Two business people working at computers and writing on paper

Why DataOps Matter

If you’re building a data product, these questions are likely occupying your mind: how do you get your customers to trust your data? How do you know your product’s something your customers will want? How do you produce those products more quickly without compromising accuracy? Today we talk with someone who has a lot of experience answering these questions.

Ginette: If you’re building a data product, these questions are likely occupying your mind: how do you get your customers to trust your data? How do you know your product’s something your customers will want? How do you produce those products more quickly without compromising accuracy? Today we talk with someone who has a lot of experience answering these questions.

Ginette: I’m Ginette.

Curtis: And I’m Curtis.

Ginette: And you are listening to Data Crunch.

Curtis: A podcast about how data and prediction shape our world.
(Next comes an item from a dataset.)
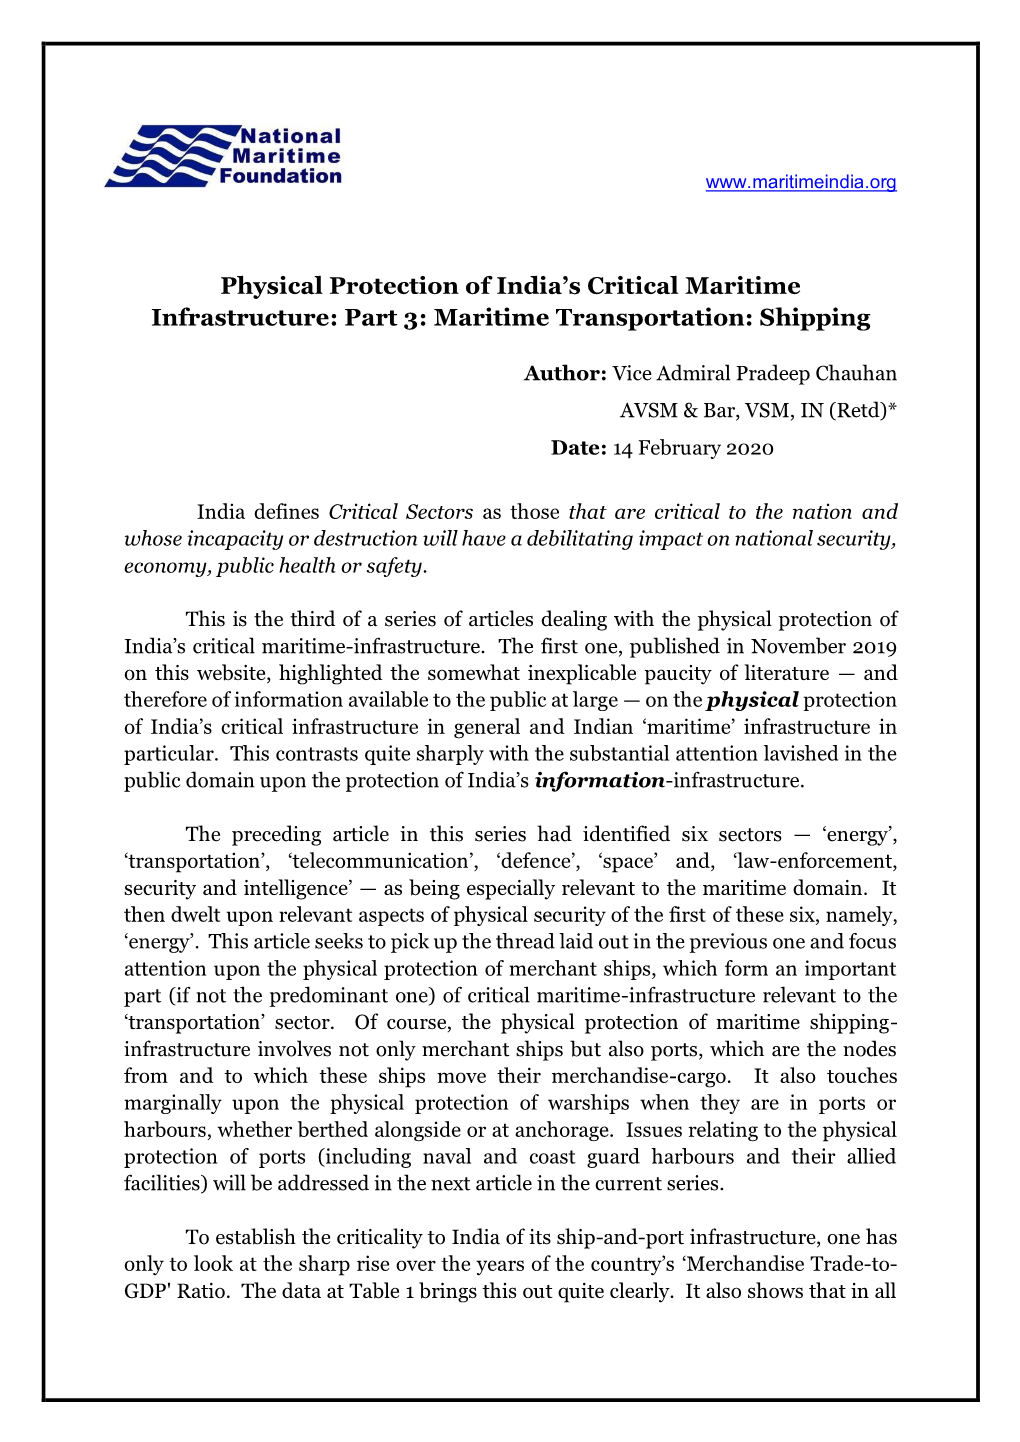 Physical Protection of India's Critical

Ginette: A Vault Analytics production.

Curtis: If you’re a company aiming to research emerging technologies, like AI, ML, IoT, or edge computing, and you find your company lacking expertise, we know where you can the expertise to pad your research team: this team is a group of ex-fortune 500, b2b tech product managers with in-depth market analysis, product planning, and development expertise in bringing successful products, software, and services to the market, and they have significant in-depth technology skills on their team. They drive emerging tech research, product strategy, and tech marketing that resonates with customers, and they’re good at it. If a service like this would be helpful to you for a proposal you’re writing or a for a product that you’re creating, reach out to us at [email protected], and we’ll be in touch.

Ginette: Now let’s jump into today’s episode. We’re talking with someone who’s worked with data teams for many years and has learned a thing or two. This is Chris Bergh.

Chris: I’m Chris Bergh. I’m head chef of a company called Data Kitchen in Cambridge, Massachusetts, and we’re a company that helps teams of people who do AI or machine learning or data engineering or data visualization deliver insight faster with higher-quality, and so how did I, how did I get to this point to found a company to focus on what we called dataops? Well, I guess I’m a working class kid from Wisconsin. I went to, in the late 80s actually, I went to Columbia to study AI back when AI was just a corner of the world that people, no one knew what it was, and you didn’t walk through an airport and run into it, and then I worked on some AI systems at NASA and MIT to automate air traffic control, and then I sort of got into software development and managing software teams.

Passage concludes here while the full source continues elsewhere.